Got a new lionfish the other day and I'm loving him. It might actually be one of my first pets that get a name. Pics were taken on my phone so one is pretty poor quality. What do you guys think?


----------



## TahneeMaree (Oct 8, 2009)

Awesome! 
Do you need a special permit/licence for a Lionfish?


----------



## richoman_3 (Oct 8, 2009)

pretty cool make sure u dont touch him though otherwise u r in for a shock


----------



## Ned_fisch (Oct 8, 2009)

Very nice! Awesome looking fish.
Heres a name, Mufasa, off the Lion king


----------



## Asharee133 (Oct 8, 2009)

LOL i was thinking something along the line of the lion king haha


----------



## Shonfield (Oct 8, 2009)

TahneeMaree said:


> Awesome!
> Do you need a special permit/licence for a Lionfish?



Nah as far as I know there isn't a licensing system for fish, at least with fish that are easy/small enough to keep at home. There are the endangered and restricted fish that you are not allowed to catch. Now that I think about it the divers that catch the fish probably have a licensing system, but I don't really know.


----------



## gecko-mad (Oct 8, 2009)

oh my bloody god, you can keep them as pets!? how much are they? like 500 bucks?


----------



## reptilefan95 (Oct 8, 2009)

Nice Pterios Volitans (?), very nice red colours on the fin. At the aquarium i work at we have a few of these fellas, they are hard as nails never had one die on me yet. And they arent 500 bucks they are about 79 to 150 depending on species and size. I have to say my fav of all lionfish are the dendrochirus brachypterus (fuzzy dwarf lionfish) they look like littel pieces of untill they move... Also what are you feeding yours on?


----------



## reptilefan95 (Oct 8, 2009)

Oh and where abouts did you get him from? St george aquarium?


----------



## gecko-mad (Oct 8, 2009)

i just googled dendrochirus brachypterus and their adorable! i want one! how big do those get?

edit: omg! 15 cms! there tiny!


----------



## Shonfield (Oct 8, 2009)

This one only cost me $75, but I got a discount because I'm friends with the owner. You could probably get it cheaper if you really wanted to. Got it from Newtown pet shop. And yeah it's a Volitans. It will eat just about everything. All frozen food it's happy to eat as long as i put the food near him, it's too lazy to move from one side of the tank to the other.
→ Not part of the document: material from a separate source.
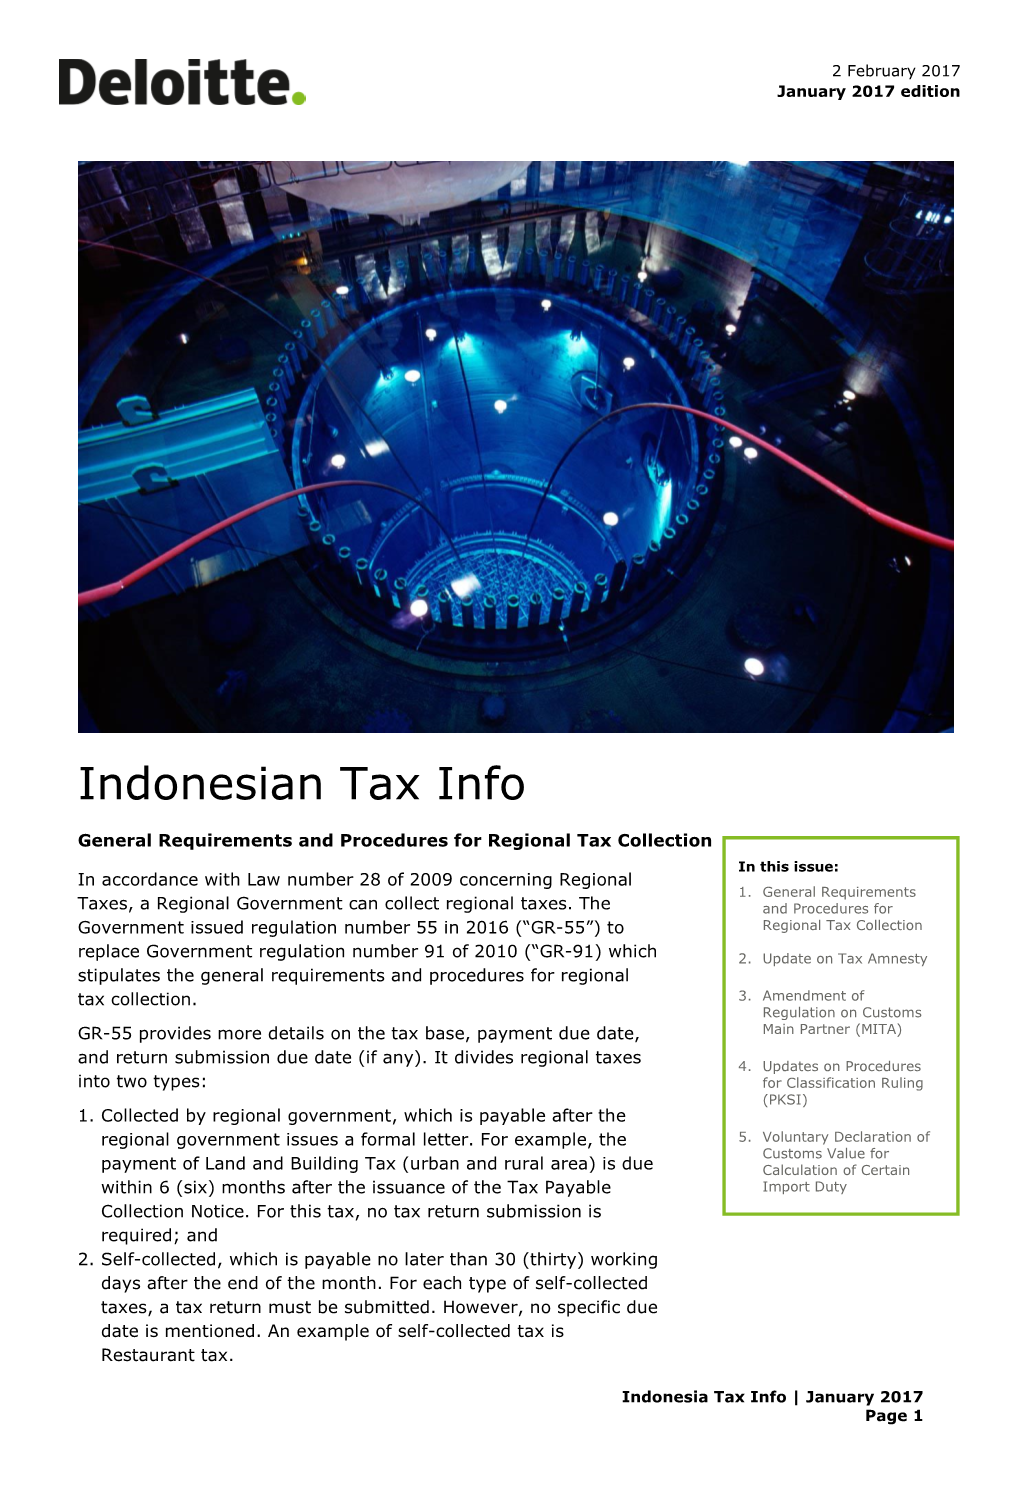 Indonesian Tax Info

They had some fuzzy and a few other dwarf lionfish and it took me a while to decide which one I wanted.


----------



## Twin_Rivers (Oct 8, 2009)

reptilefan95 said:


> Nice Pterios Volitans (?), very nice red colours on the fin. At the aquarium i work at we have a few of these fellas, they are hard as nails never had one die on me yet. And they arent 500 bucks they are about 79 to 150 depending on species and size. I have to say my fav of all lionfish are the dendrochirus brachypterus (fuzzy dwarf lionfish) they look like littel pieces of untill they move... Also what are you feeding yours on?


 

$79- $150 no wonder everyone sdays i am too cheap
may need to put my prices up,


----------



## Twin_Rivers (Oct 8, 2009)

It is an absolutely gorgeous fish btw congratulations


----------



## TahneeMaree (Oct 8, 2009)

What kind of care is involved with these guys? and how on earth do you do a full water change? DO you need to do a full water change with these guys?


----------



## Shonfield (Oct 8, 2009)

There actually one of the easiest saltwater fish to look after imo. They can tolerate a fair bit of negligence from the owner. Water changes are easy. Every week or two i change about 50-70 ltrs which is about 10-15% of the tank size. They only eat 3-4 times a week as well. Compared to some fish you can get, keeping these healthy is like keeping a rock healthy.


----------



## Twin_Rivers (Oct 8, 2009)

They are reasonably easy to keep for saltwater fish, a regular water change of around 10 - 20% (depending on tank size) every two - three weeks, o good filter and keep the water quality good and they are not too hard compared to many marine fish. they need a big tank at least 250litres, fresh, live or frozen food every 3or 4 days


----------



## python_heath (Oct 8, 2009)

Aren't they deadly or venomous?


----------



## mysnakesau (Oct 8, 2009)

TahneeMaree said:


> Awesome!
> Do you need a special permit/licence for a Lionfish?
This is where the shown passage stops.